With a no-blame culture in place, it is hoped that it will encourage more constructive discussions leading to better, and therefore less expensive, outcomes. However, there is no guarantee that this will necessarily be the case. A no fault divorce financial settlement is the same as any other divorce settlement, and may include maintenance and the division of assets etc.

Do both parties have to agree to a no fault divorce?

It is possible for one party to contest a no fault divorce in the same way that they could contest a traditional divorce. This occurs when the parties cannot agree on the terms of the divorce, i.e. a fair division of money and assets, maintenance, child custody etc. If this occurs, then the case will be put before a judge, unless the couple agree on ADR (alternative dispute resolution) such as mediation.

What is the no fault divorce process?
  1. We will prepare a form called a "divorce petition" to start proceedings. It confirms to the Court that your marriage has irretrievably broken down, that you have decided that your marriage is sadly at an end, and that you are seeking a divorce.
  2. After the requisite 20 week period following the issuing of your petition, we will then prepare a form to confirm to the Court what, if anything, has changed since the divorce proceedings were started.
  3. From the date of the Conditional Order, there is then a further period of 6 weeks and a day which must pass before we are able to prepare your application for the “Final Order”. The Final Order brings your marriage to an end and leaves you free to re-marry.
Can I contest a no fault divorce?

There is now very little you can do to contest an unwanted divorce, unless there have been procedural errors in the application – which is rare.

Why do we need no fault divorce?

As the old process of divorce required one party to divorce the other and provide reasons for their desire to divorce, it was difficult to focus on moving forward without conflict. Old divorce law (prior to 6 April 2022) dates from the 1970s and did not adequately reflect modern society and introduced an unnecessary element of delay or conflict in the divorce process.

Without the need for blame to be apportioned, it is likely that the process will be less upsetting for many, helping children get through a very difficult time. The change in the law will help avoid increased conflict. It will also help the co-parenting that will need to take place even after the marriage has been dissolved.

What happens about parenting and finance arrangements with a no fault divorce?

These are separate areas of your divorce and are not covered under the no fault divorce law. You will need to reach an agreement on how you are going raise your children whilst living separately and also agree on a fair division of your assets and any ongoing payments.

If you are struggling to agree between yourselves, family mediation is the next step as it is a pre-requisite for going to court for a decision in most cases.
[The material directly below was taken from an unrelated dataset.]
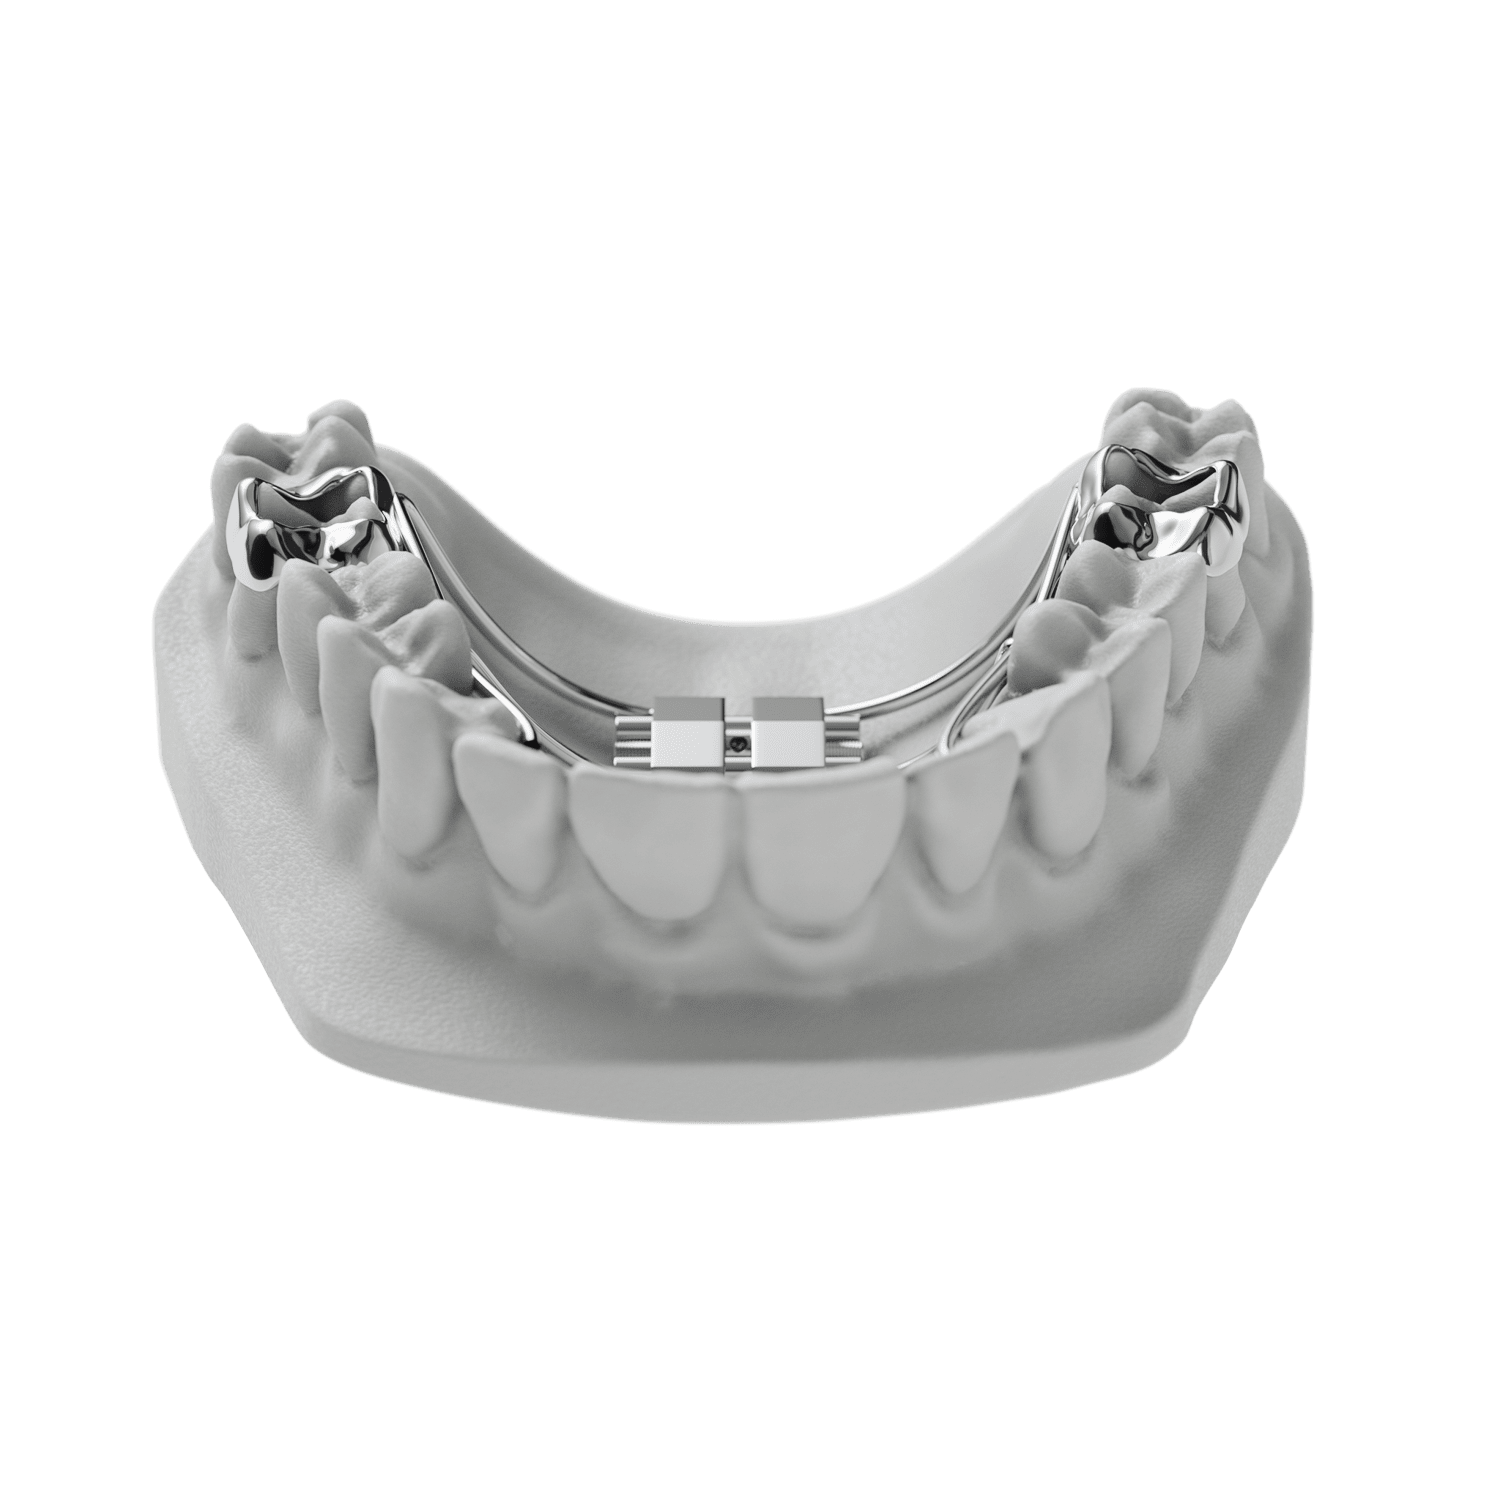 Palatal Expander - Janzen, Janzen & Chwa Orthodontics, Ltd

But there are also other options outside of court if mediation breaks down or is not suitable for your situation.

Can I file for a no fault divorce online?

You can apply for a no fault divorce online via the Government website. 

The online process may work for straightforward divorces where you can agree the grounds for divorce between yourselves, where both parties are co-operating with the divorce and where there are no issues over costs and/or children. However, having a solicitor providing legal advice ensures that you are supported throughout the process which can help to reduce the emotional burden. A solicitor can also ensure that the forms are completed correctly so that there are no delays and increased costs incurred by errors made on the forms.